A Boxer Flash could easily turn into a fight over the statue, though. Sometime -- probably in the early 1910s -- Boxer's tail became separated from its body when rival student groups tried to grab it. They reunited the pieces in 1914. This was the first known incident of pieces of Boxer being broken off and then put back together, but it would not be the last. Over the next fifty years, students repeatedly broke the bronze incense burner during battles over its possession. Boxer's left leg broke off in the 1910s. The head, which originally faced left and was attached to the body with a hing under the neck, also broke off around that time. It was welded back on within a few years, but they mistakenly fixed the head facing straight ahead. Many other pieces were periodically broken and then welded back on as the years continued, but Boxer looked a bit worse for wear after each repair.
Considering how hard students fought over Boxer whenever the statue appeared in public, it is no surprise that finding secure hiding places was important. Some places that Boxer is said to have been hidden during the first decades of the 20th century include:
- Dangled from a rope in a well (1899)
- In an empty space under the eaves of an attic, wallpaper hiding the access hole (1899-1900s)
- Detached head & body were hidden in a flour bin (1916-1918)
- Under a local bridge (ca. 1925)
- Beneath the floorboards of a local candy shop (1930s?)
- Under a metal plate in a large grave stone (1938)
Like much of Boxer lore, some of these hiding places may be no more than tall tales. Rumors and stories about Boxer were a large part of the statue's place in student culture!

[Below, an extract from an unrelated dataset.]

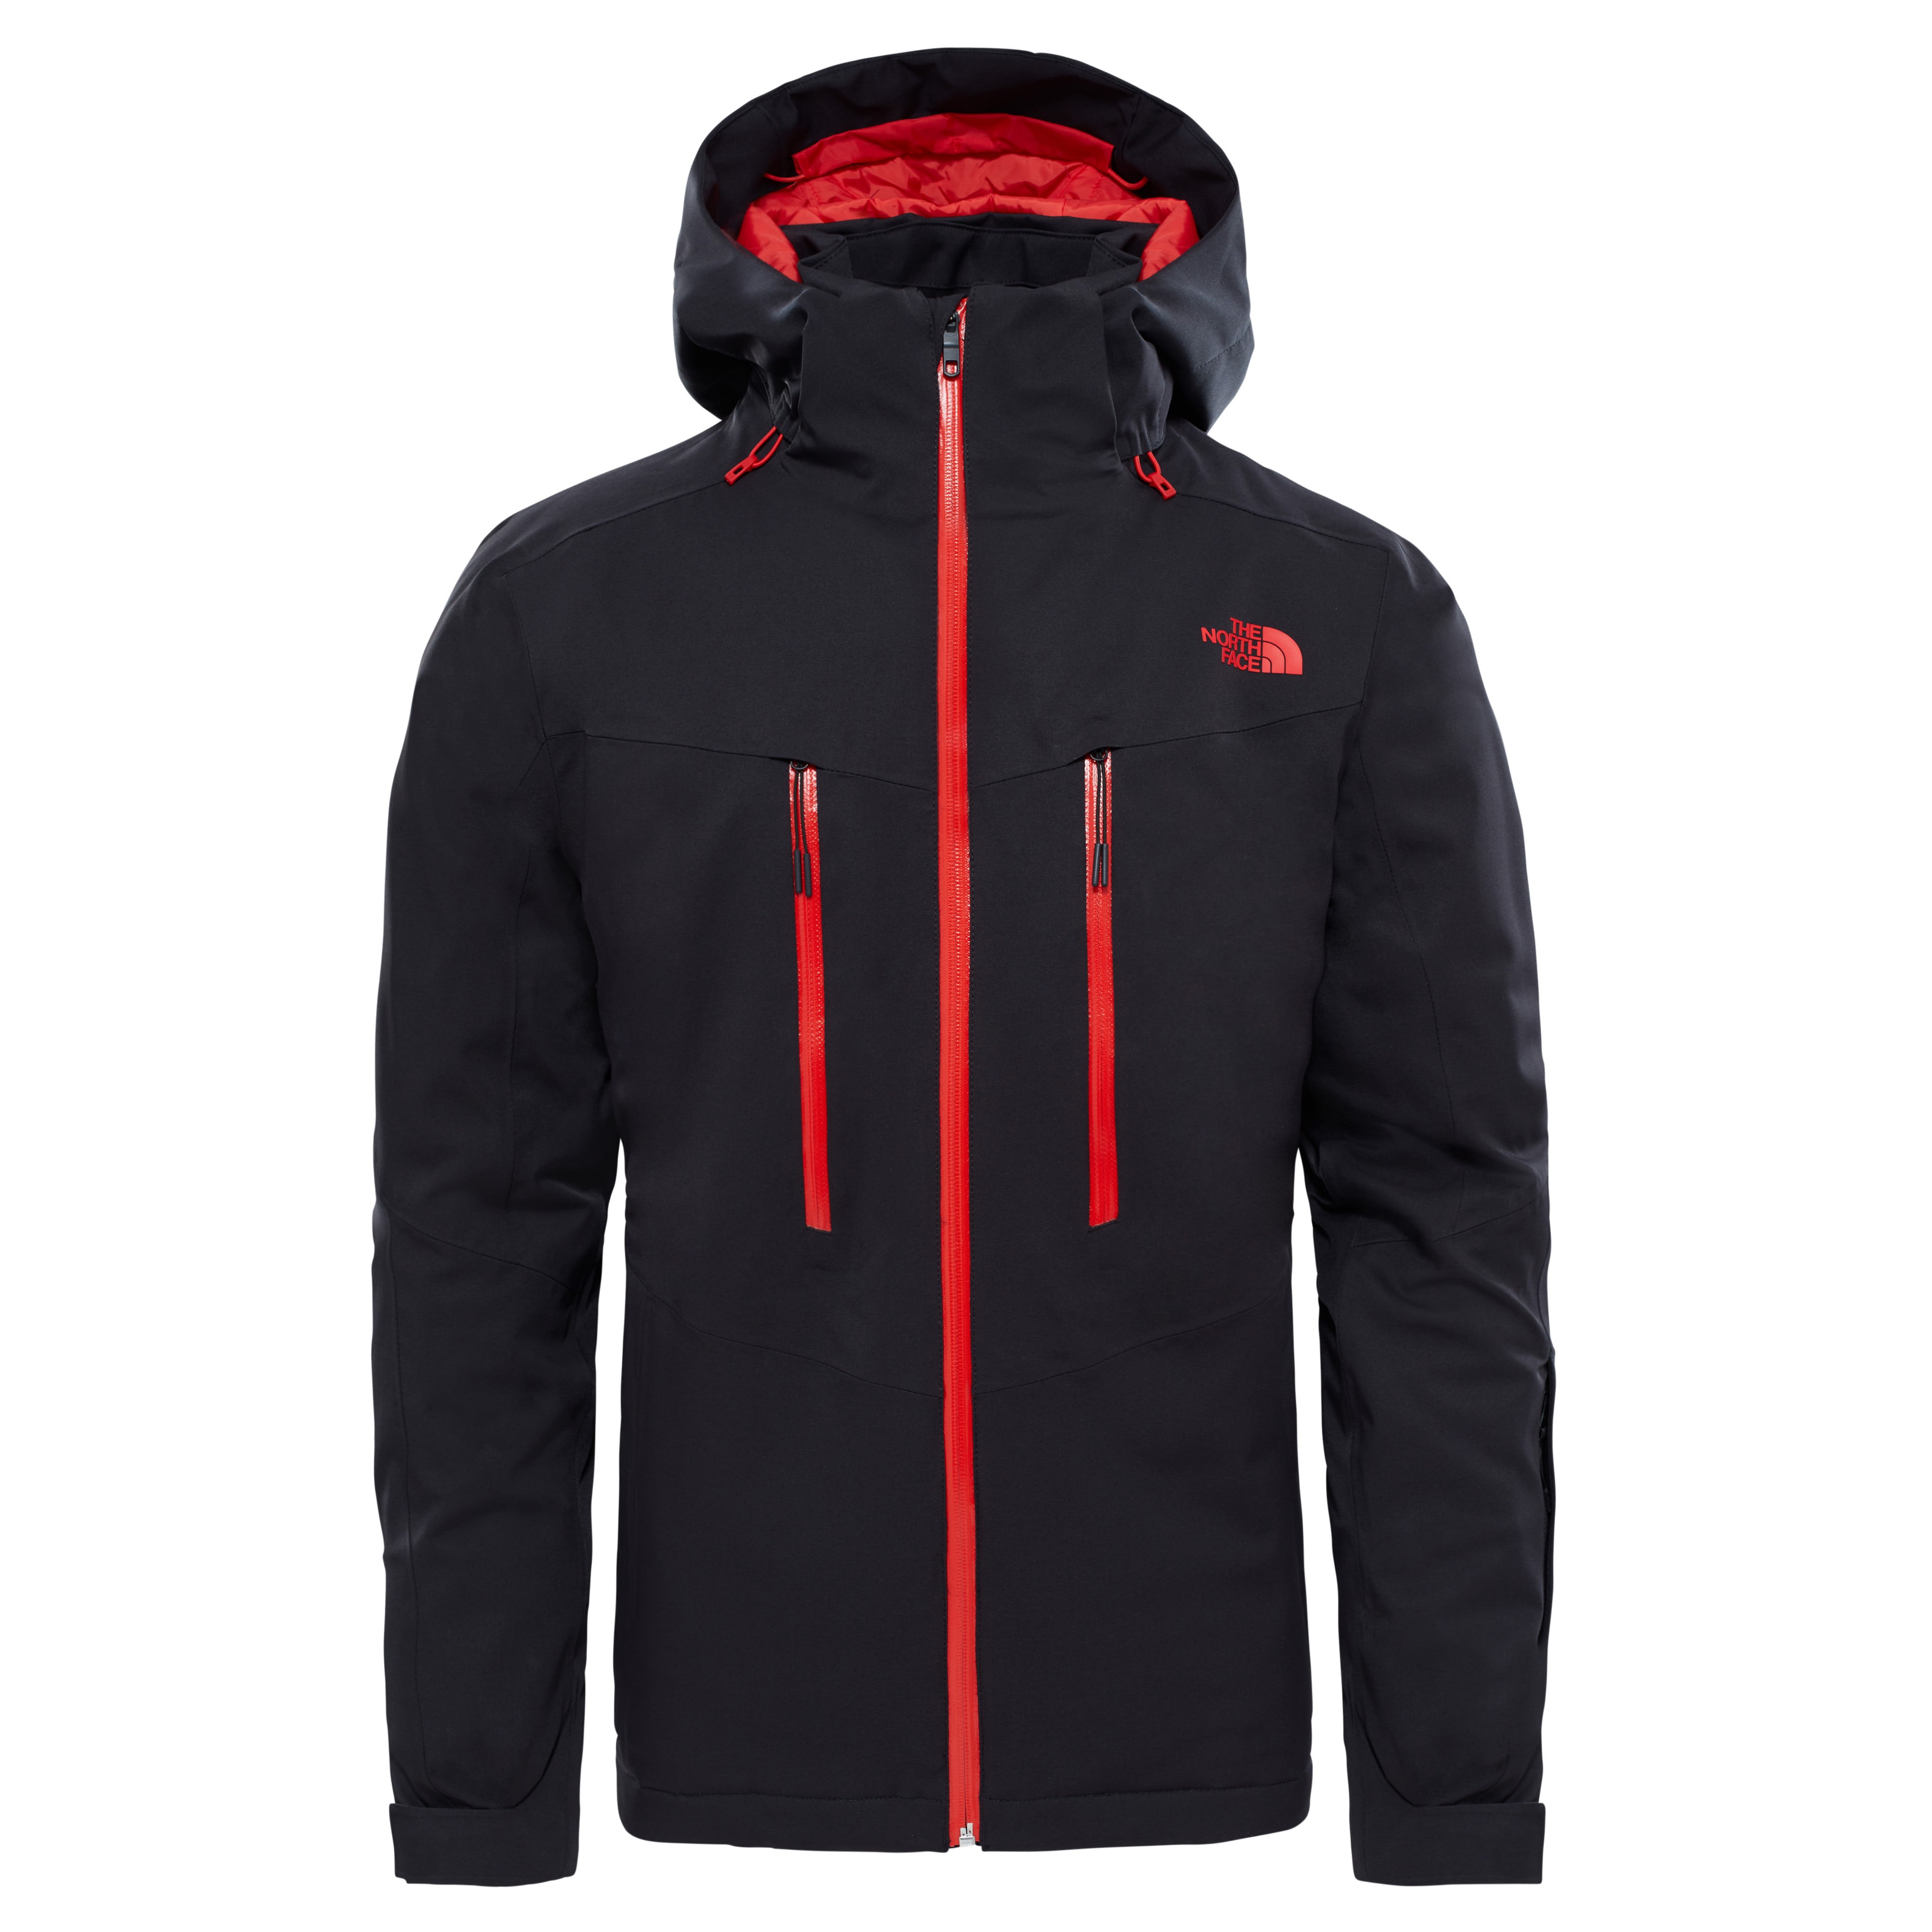 Buy The North Face M Chakal Jacket from 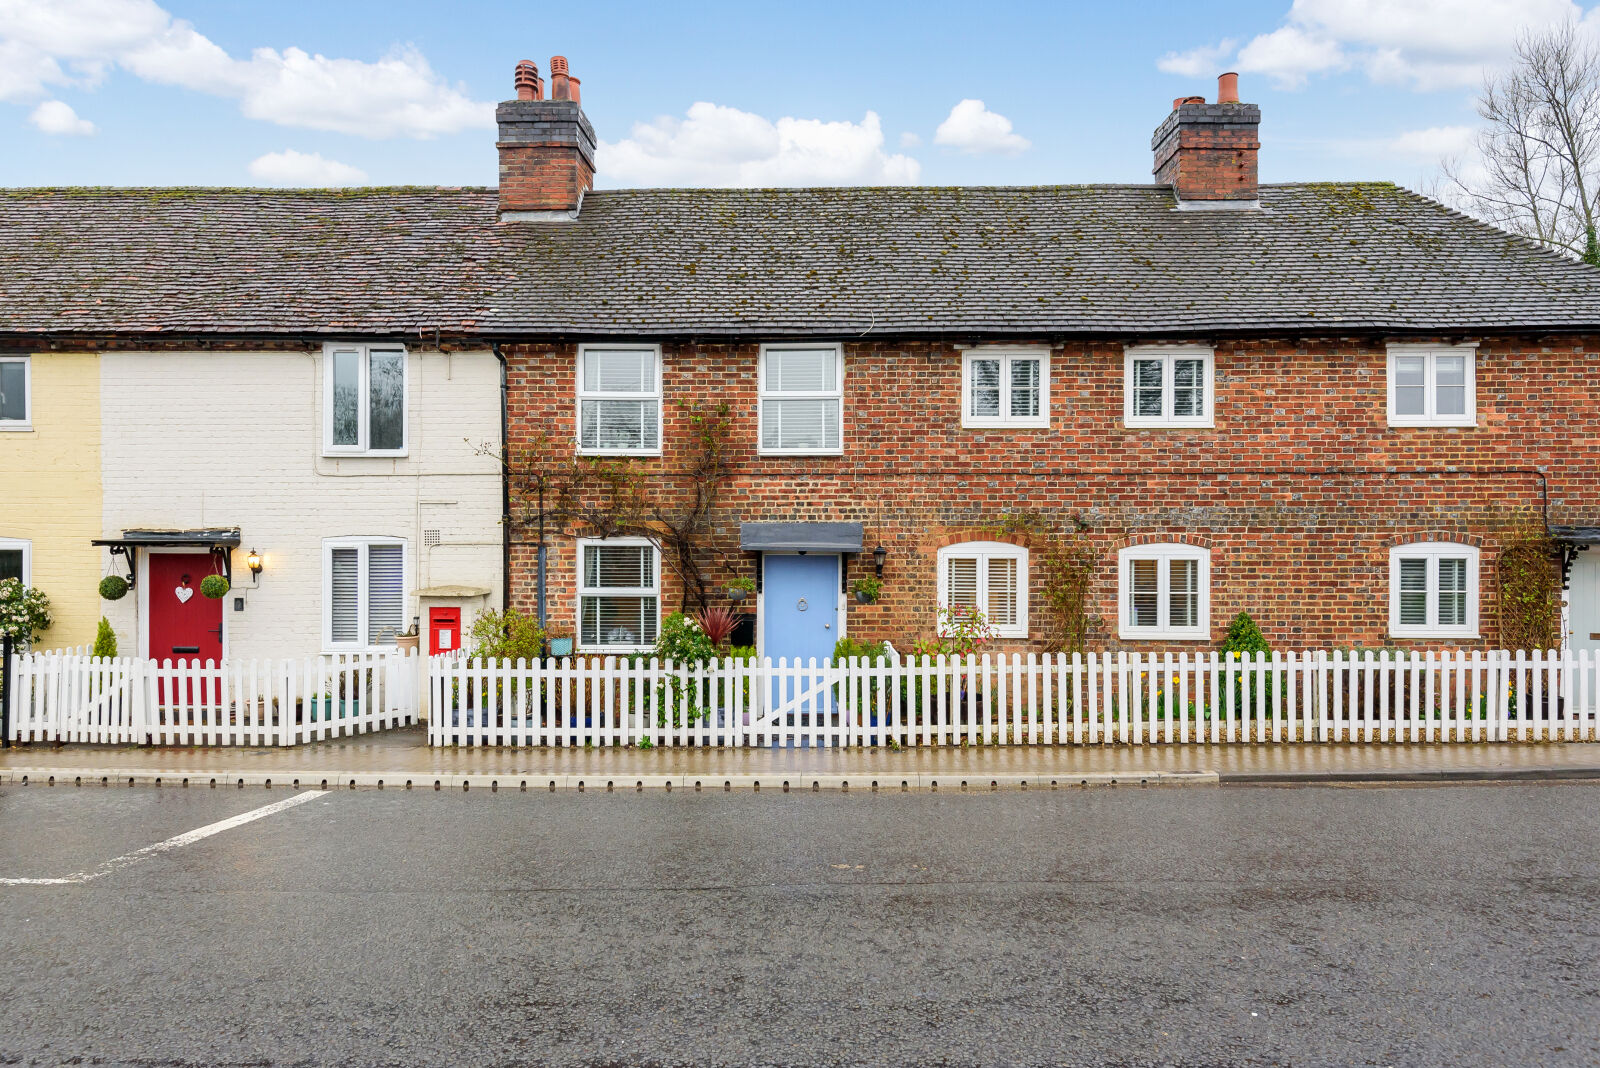 2 bedroom mid terraced house for sale Wharf Cottages, Station Road, RG7, main image

One rumor that has persisted over the years is the tale of Boxer's travels during WWI. Numerous articles have claimed that during the war, a student from Pacific who joined the service brought Boxer with him to France. Sources suggest that something like this did indeed happen. A photograph album that belonged to student Greta McIntyre Sheeley (Class of 1920) includes a series of photographs of students holding the statue -- several of them with interesting captions. A note there states that two students, Verle Stanley and Thomas Fowler, had Boxer while serving in the war:
Stanley had his head and body, when he was called-up to fight during World War I. He hid Boxer in a flour bin at Mrs. Brown's house on the Pacific University campus. Fowler had Boxer's tail. He took the tail with him when he was called-up. The two pieces were reunited when Stanley and Fowler returned to Pacific University after the war ended in November, 1918.
Thus while Boxer's head and tail rode out the war in a flour bin, his tail very likely did indeed make its way to the trenches of the Great War, and survived.
Boxer attained a firm position as a student-controlled symbol of school spirit. Pacific's administrators, on the other hand, had very little say in how Boxer was used. They had not held the statue for more than a few hours at a time since 1899. When the university decided it needed to adopt an official mascot in 1921, Pacific's administration adopted a rival symbol: the Badger. Reportedly, the choice was made after a student yelled out, "They're fighting like Badgers!" at a football game. (See Splendid Audacity, p. 77)
Badger, rather than Boxer, would be the university's official mascot until 1968, but it never quite succeeded in overshadowing the original College Spirit.